Our business will not be successful if we do not keep up with the rapid changes in our industry.

 

The emerging market for digital identity and information security products and related services is characterized by rapid technological developments, frequent new product introductions and evolving industry standards. To be competitive, we have to continually improve the performance, features and reliability of our products and services, particularly in response to competitive offerings, and be first to market with new products and services or enhancements to existing products and services. Our failure to develop and introduce new products and services successfully on a timely basis and to achieve market acceptance for such products and services could have a significant adverse effect on our business, financial condition and results of operations.

 

We may have difficulty managing our operations, which could adversely affect our ability to successfully grow our business.

 

Our ability to manage future growth, if any, will depend upon our ability to:

 

    continue to implement and improve operational, financial and management information systems on a timely basis; and

 

    expand, train, motivate and manage our work force.

 

Our personnel, systems, procedures and controls may not be adequate to support our operations.
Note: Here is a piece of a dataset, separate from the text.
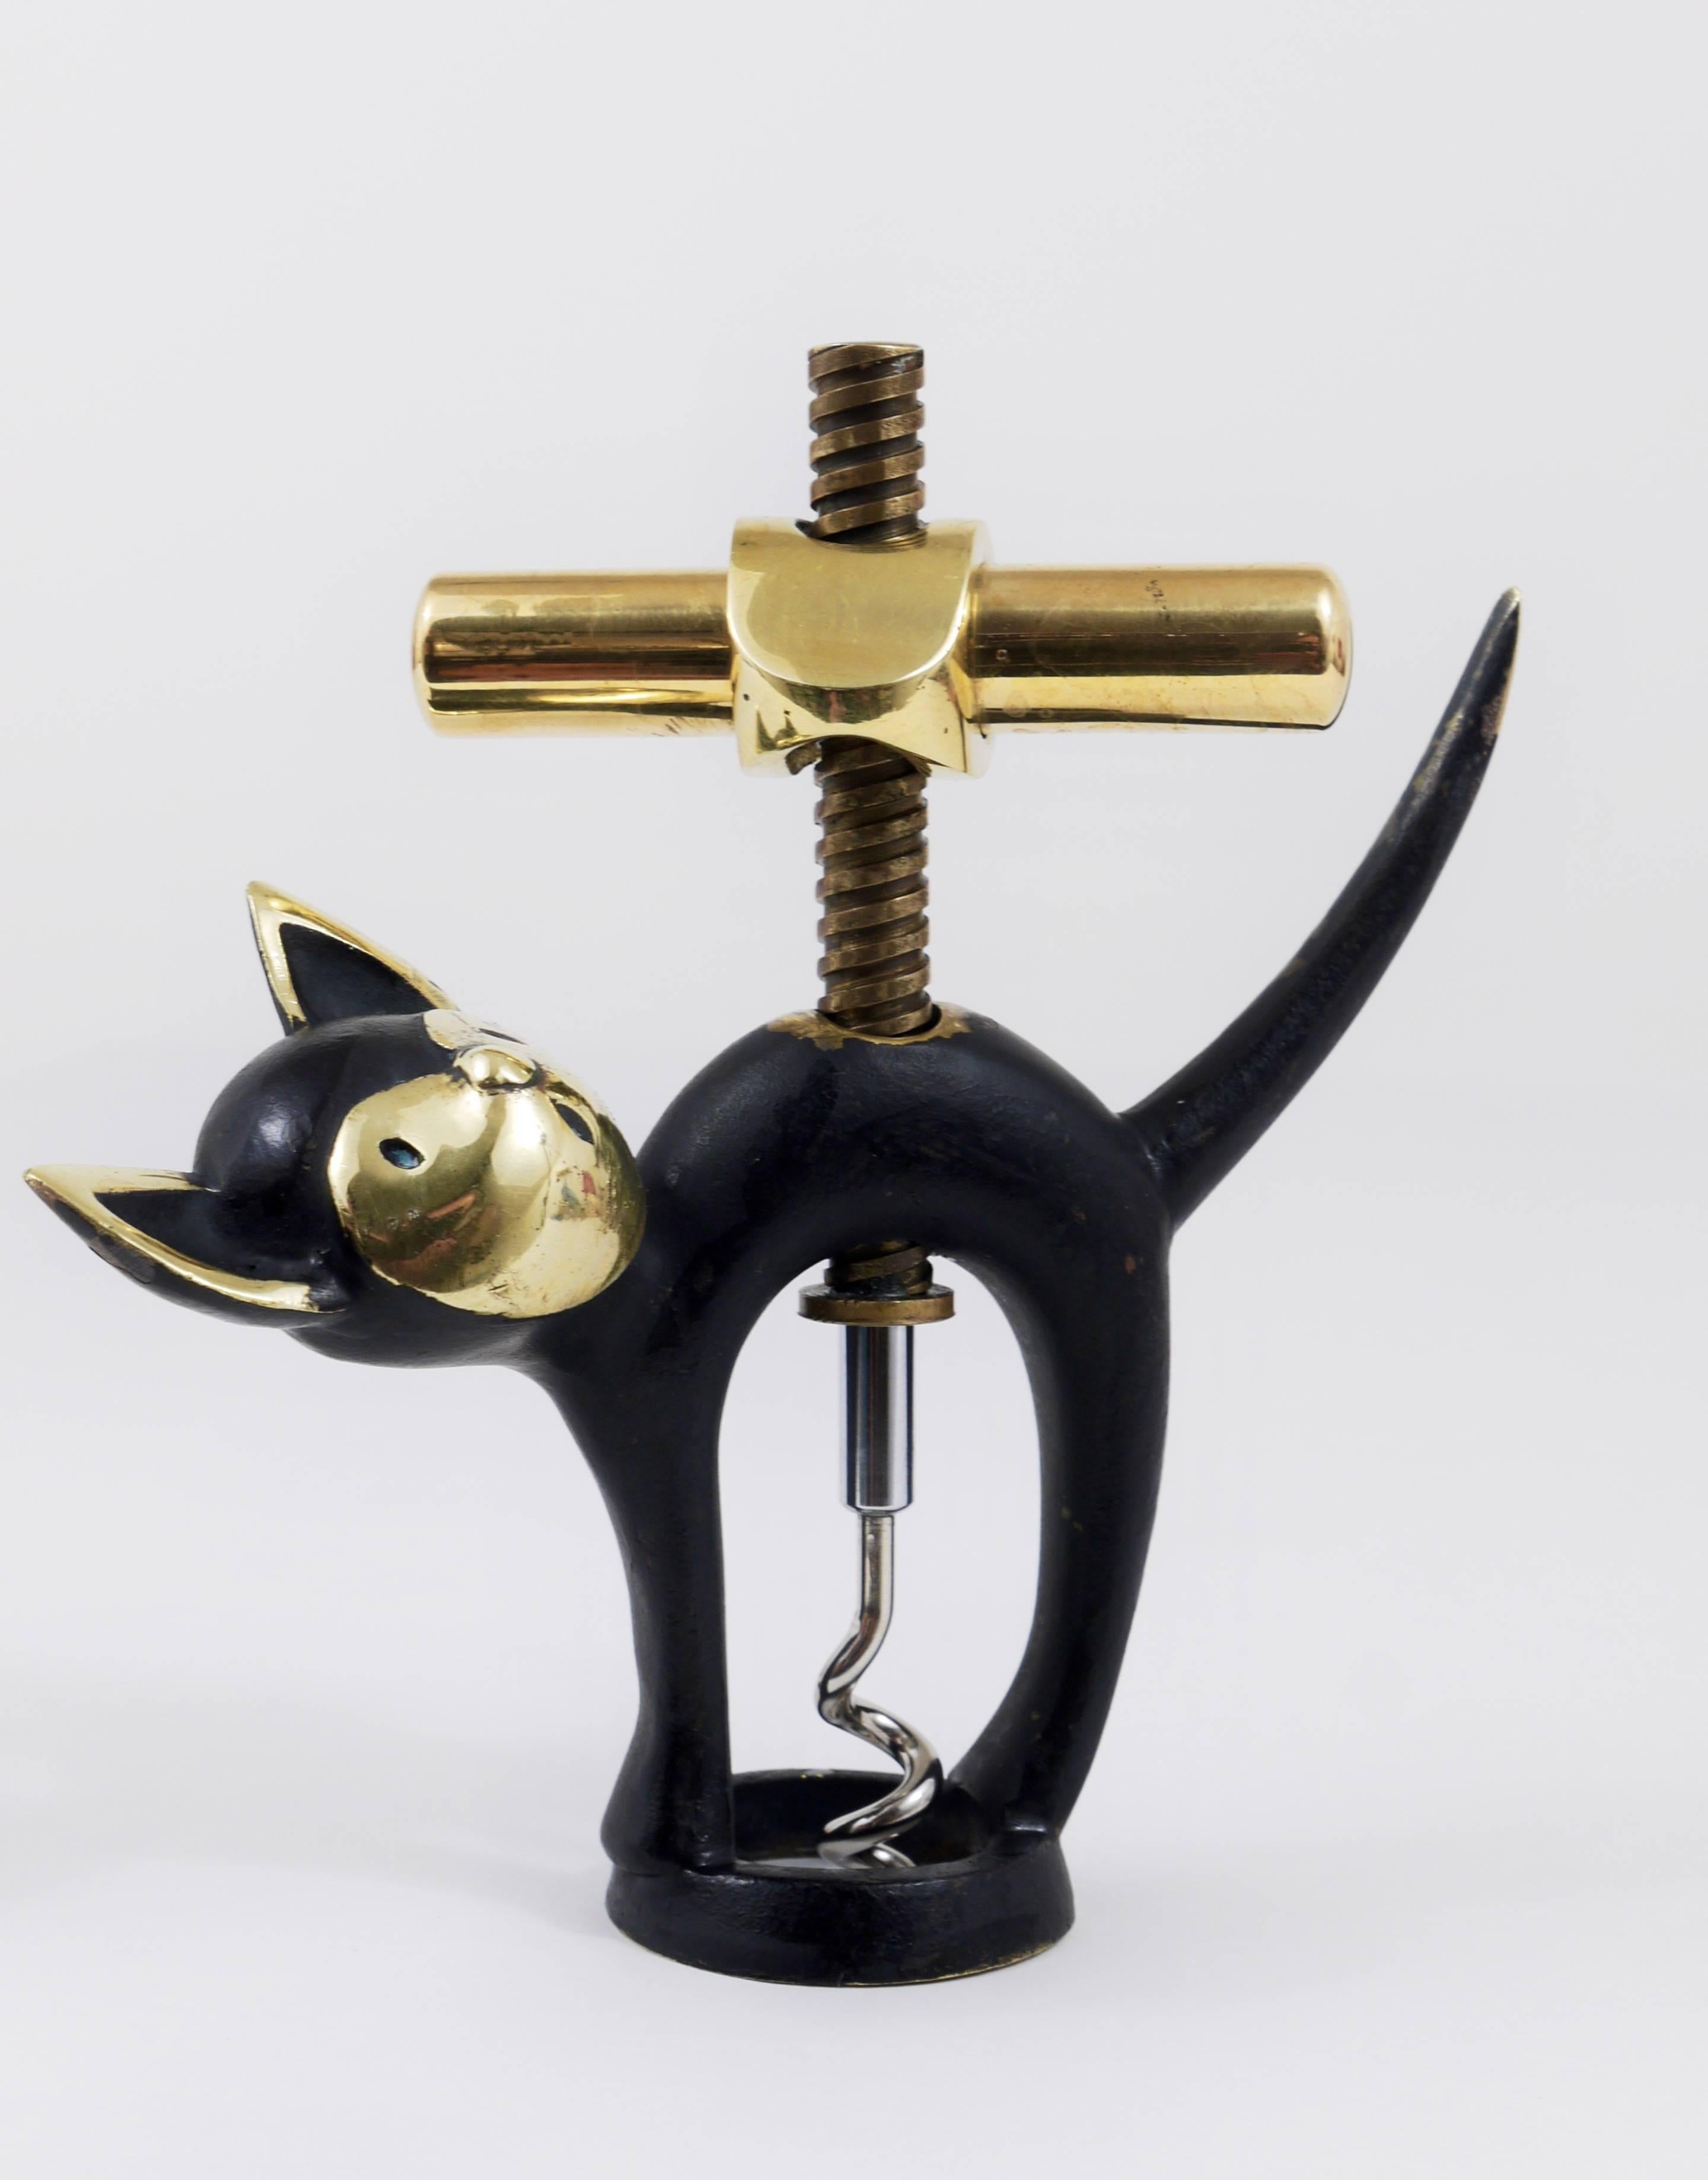 A charming Mid-Century bottle opener or cork screw, displaying a cat. A very humorous design by Walter Bosse, executed by Hertha Baller Austria in the 1950s. Made of brass, in good condition with charming patina on the brass.

We offer more Walter

The geographic dispersal of our operations, including the separation of our headquarters in Addison, Texas, from our research and development facilities in Ottawa, Canada, and Santa Clara, California and from our European headquarters in Reading, United Kingdom, may make it more difficult to manage our growth.

 

If we fail to continue to attract and retain qualified personnel, our business may be harmed.

 

Our future success depends upon our ability to continue to attract and retain highly qualified scientific, technical, sales and managerial personnel. Competition for such personnel is intense, particularly in the field of cryptography, and there can be no assurance that we can retain our key scientific, technical, sales and managerial employees or that we can attract, motivate or retain other highly qualified personnel in the future. These challenges are made more severe by our history of operating losses, the employment reductions from our restructurings, and the fact that the exercise price of the substantial majority of outstanding stock options is below the current market price of our stock. If we cannot retain or are unable to hire such key personnel, our business, financial condition and results of operations could be significantly adversely affected.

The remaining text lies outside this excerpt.